▶ [Available data]
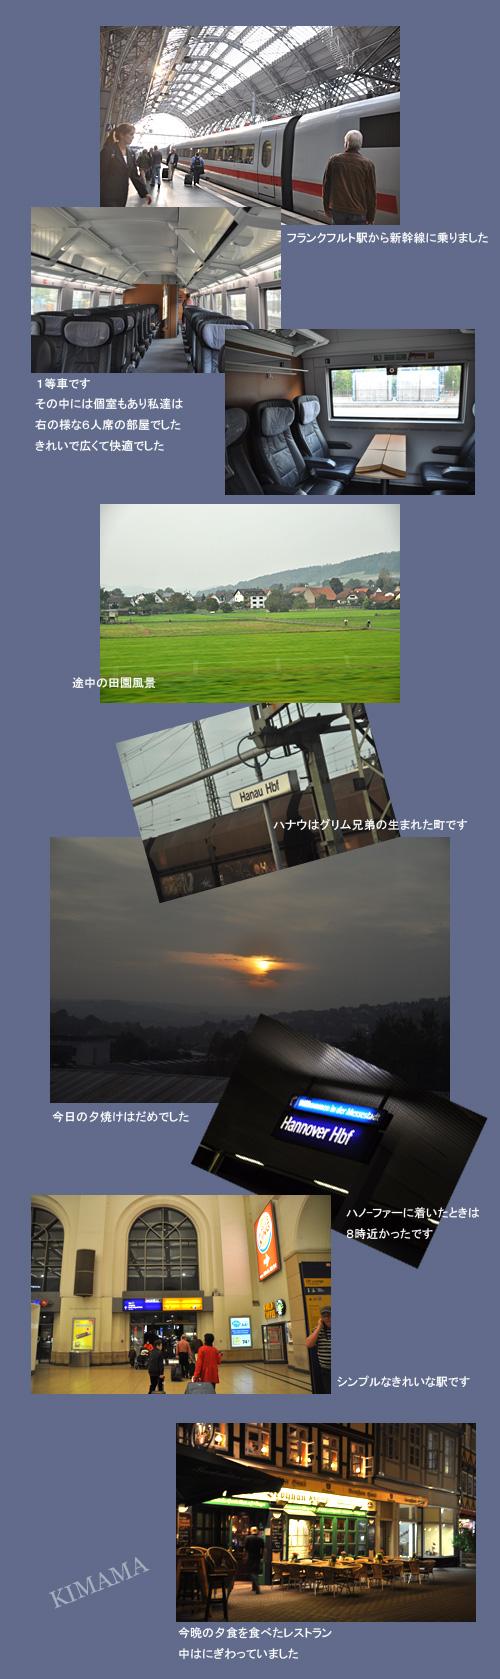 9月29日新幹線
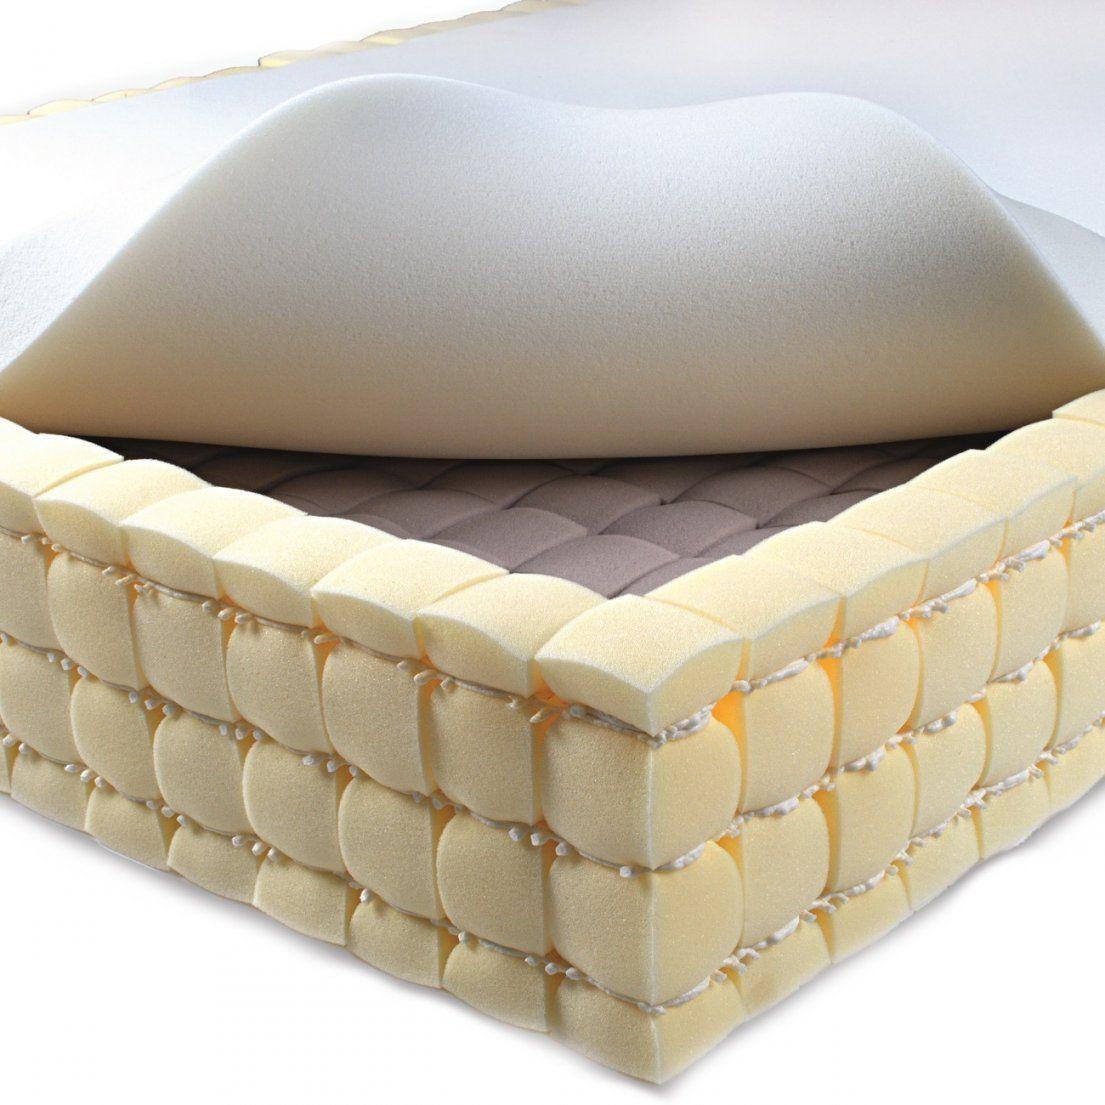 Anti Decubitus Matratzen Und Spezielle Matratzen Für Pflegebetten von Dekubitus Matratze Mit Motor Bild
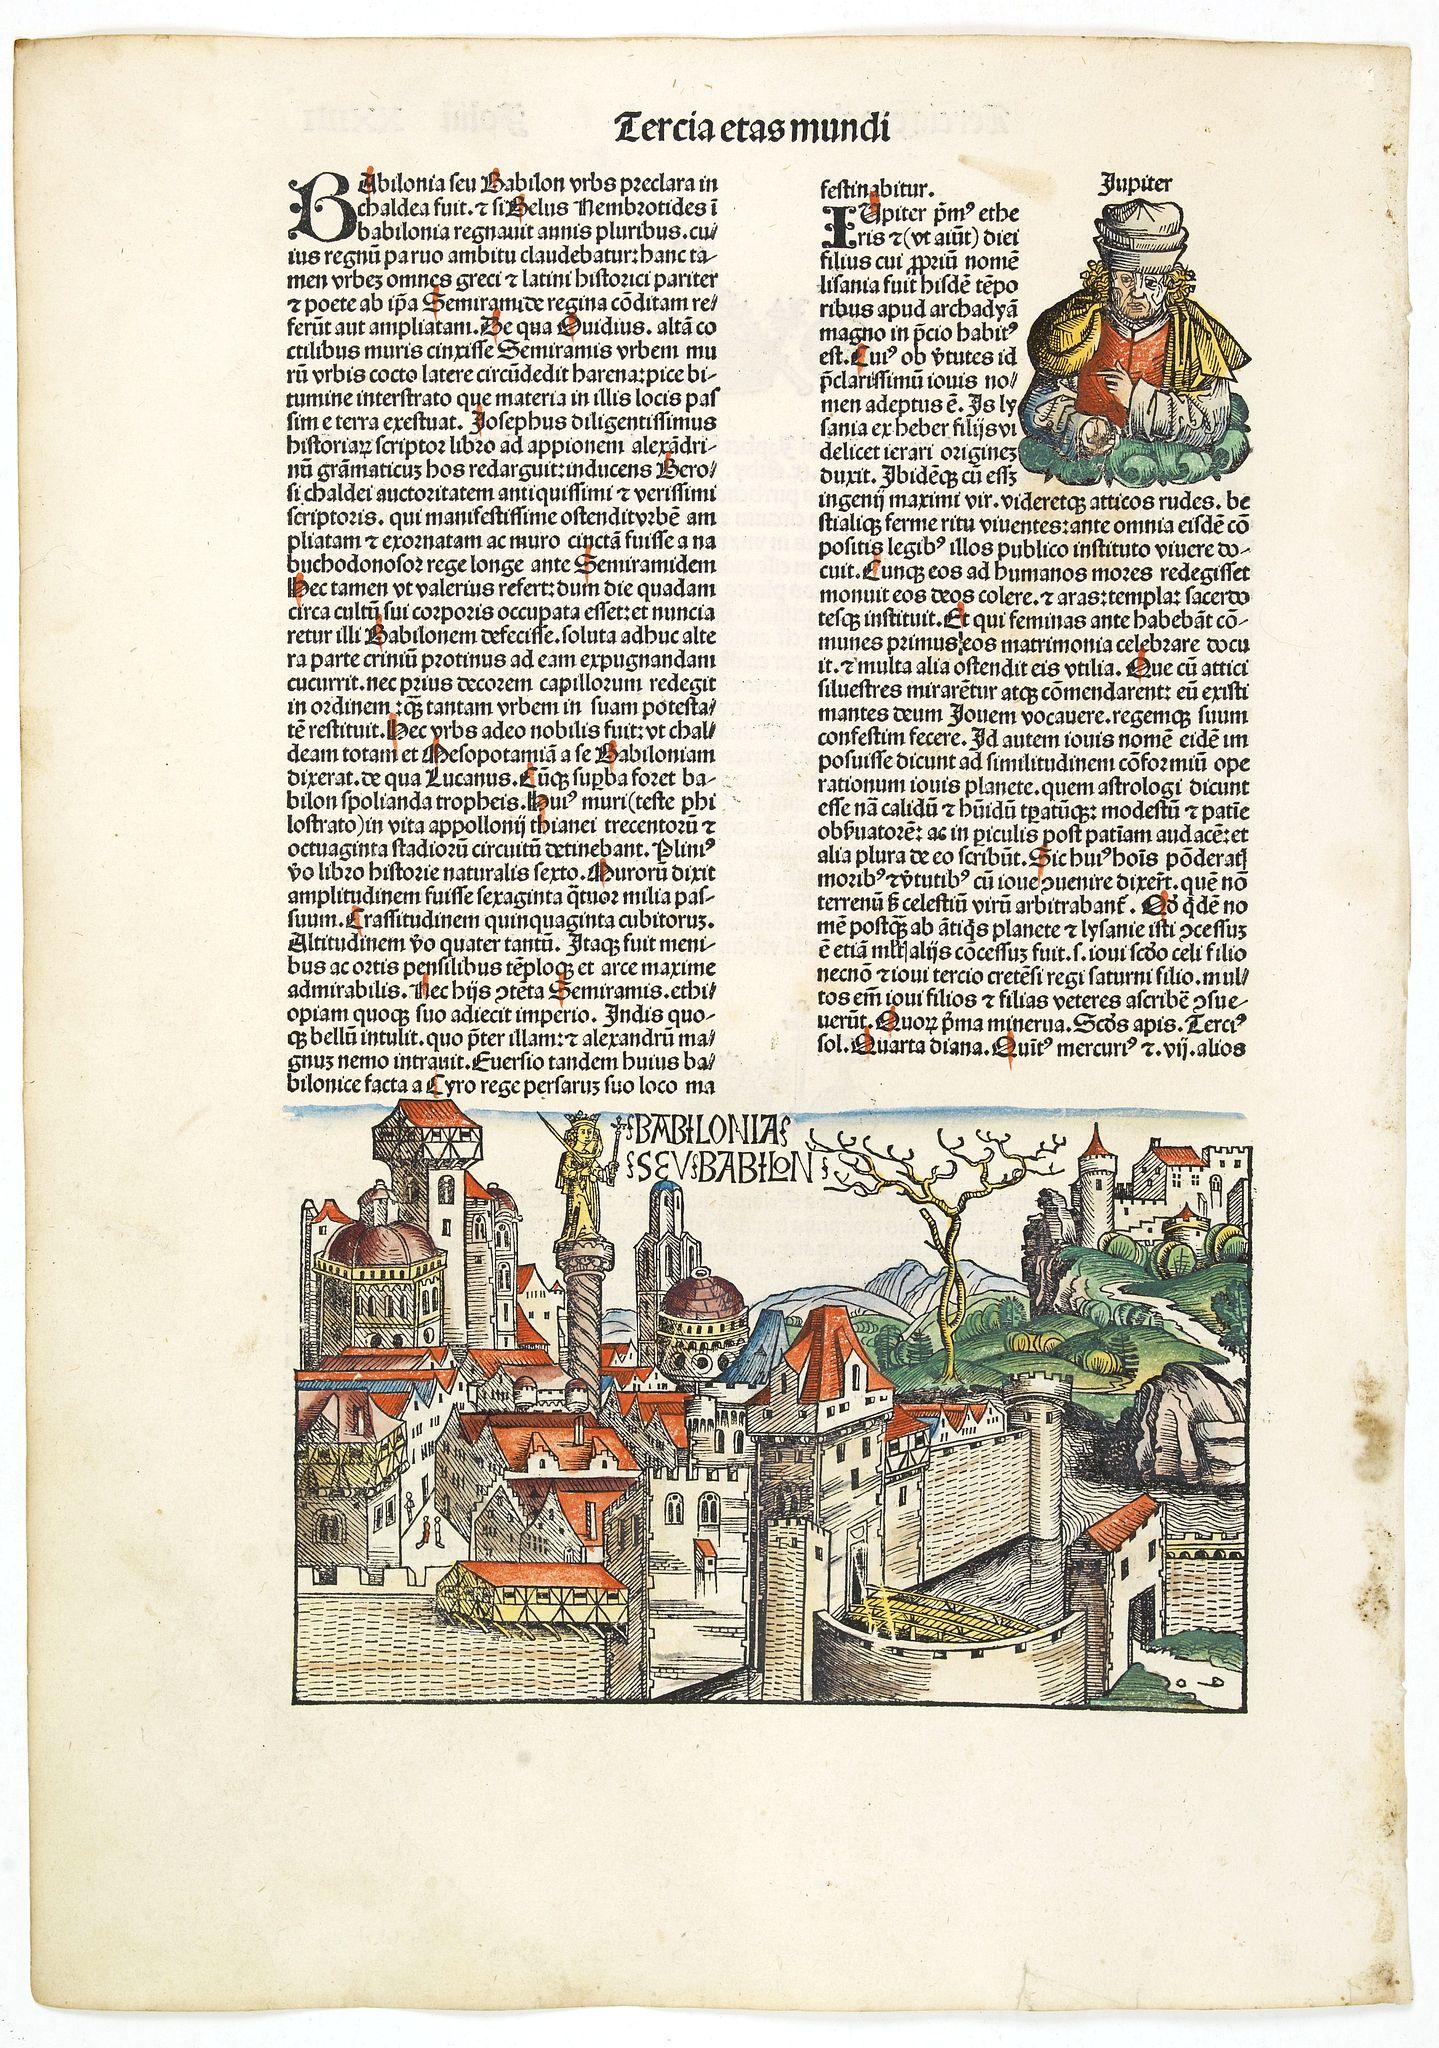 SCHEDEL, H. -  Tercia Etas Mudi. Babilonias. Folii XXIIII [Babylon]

▶ [Exercise aim] The listing is to be repeated exactly, with its pictures removed.

▶ [Exercise response]
 9月29日新幹線
 Anti Decubitus Matratzen Und Spezielle Matratzen Für Pflegebetten von Dekubitus Matratze Mit Motor Bild
 SCHEDEL, H. -  Tercia Etas Mudi. Babilonias. Folii XXIIII [Babylon]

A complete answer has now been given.